In one embodiment, a plurality of (e.g., several) knowledge data models KDM may be stored in the knowledge model database 6 for different types of investigated objects of interest including persons or patients of different age and/or gender or including technical objects of different types and/or versions. The system 1 includes an output interface adapted to output ranked sets of identified related ontology concepts and the corresponding calculated relation strength of the respective relations R.
With the system 1 according to the first aspect, as illustrated in
The concept analyzing unit 7 is adapted to identify and/or recognize relations between ontology concepts c (e.g., entities e such as anatomical entities) and measurements m within the annotated sentence S. In a possible embodiment, the concept analyzing unit 7 applies a grammar-based approach that is also referred to as dependency passing. In this embodiment, the concept analyzing unit 7 analyzes a grammatical structure of a received sentence S and concludes the linguistic relations between these elements. For example, in a sentence “mediastinal and axillary lymph nodes smaller than 1 cm,” analyzing the grammatical structure allows the recognition of the entities “mediastinal lymph node” and “axillary lymph node”. Further, the enumeration used shows that both recognized entities e or concepts c refer to the same measurement m. However, this technique may not be applied to very long sentences S or the resolution of relations between one entity e and multiple measurements m within one sentence. The concept analyzing unit 7 is adapted to identify ontology concepts c related to derived measurements m in longer sentences S with multiple measurements m.

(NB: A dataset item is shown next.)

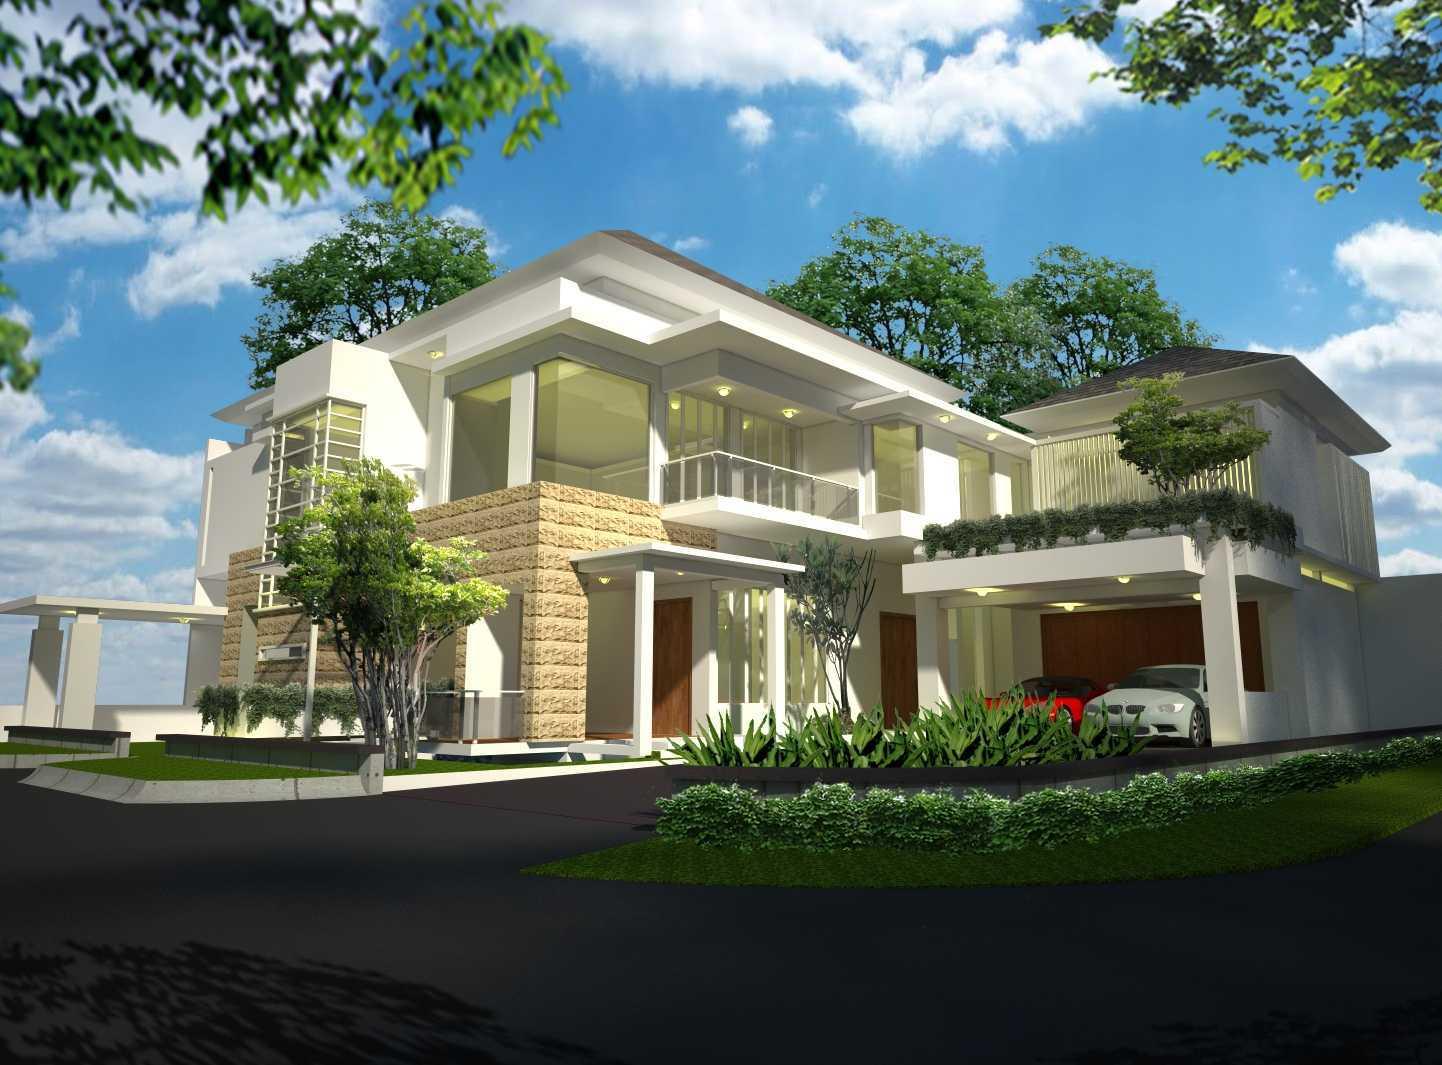 Aditya Wijaya / Studio Indirakasa Lejok House Yogyakarta Yogyakarta Front View  16812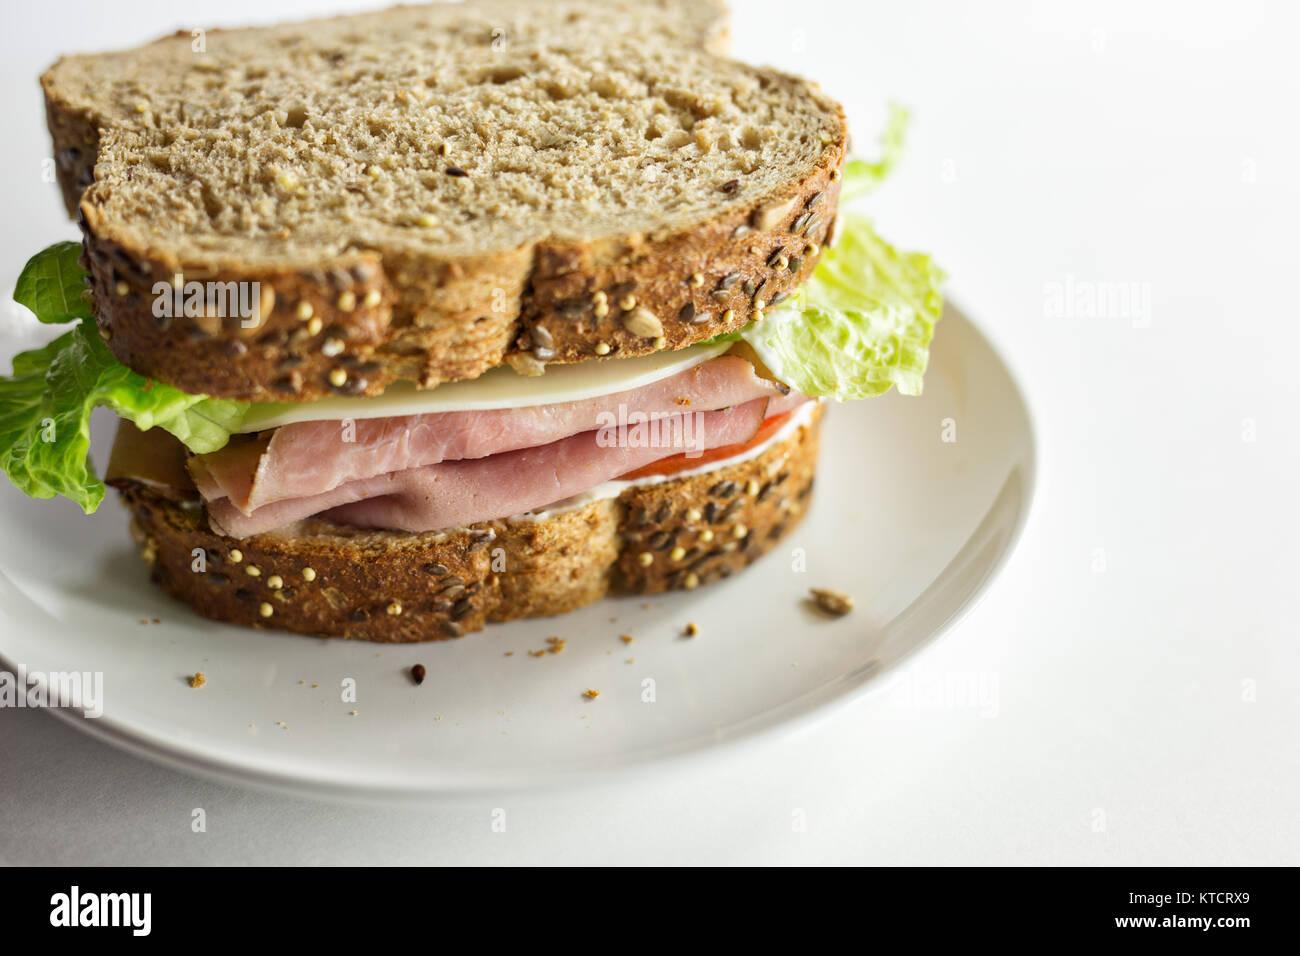 Panino di prosciutto fatto con pane artigianale su una piastra bianca. Copia dello spazio. Sfondo bianco. Immagini Stock

The annotation unit 3 may use entity recognition enabling the information extraction system 1 to identify important information pieces in the received unstructured text. Semantic entity recognition describes the task of detecting concepts c or entities e in a text of a defined semantic class such as data values, names etc. The annotation unit 3 is adapted to identify anatomical entities and/or morphological structures and measurements m. In medical applications in order to detect the medical information pieces, one may use ontology based information instruction techniques. In a possible embodiment, a medical domain ontology is applied such as the RadLex ontology listing anatomical entities and morphological entities as a semantic class. The annotation unit 3 maps the entities e listed in the domain ontology DO to tokens or words in the unstructured text of the clinical report. Each mapping word or token is annotated with the respective ontology concept c. In order to detect measurements m, one may use pattern based techniques to detect adherences that express the defined combination of numbers and measurement units. The output of the annotation unit 3 in a possible use case may be a clinical report CR annotated with anatomical entities e, morphological structures and measurements m. Additionally, the annotation unit 3 may provide information on the sentence structure of sentences S within the clinical report CR. Each information may be associated with the enclosing sentence annotation.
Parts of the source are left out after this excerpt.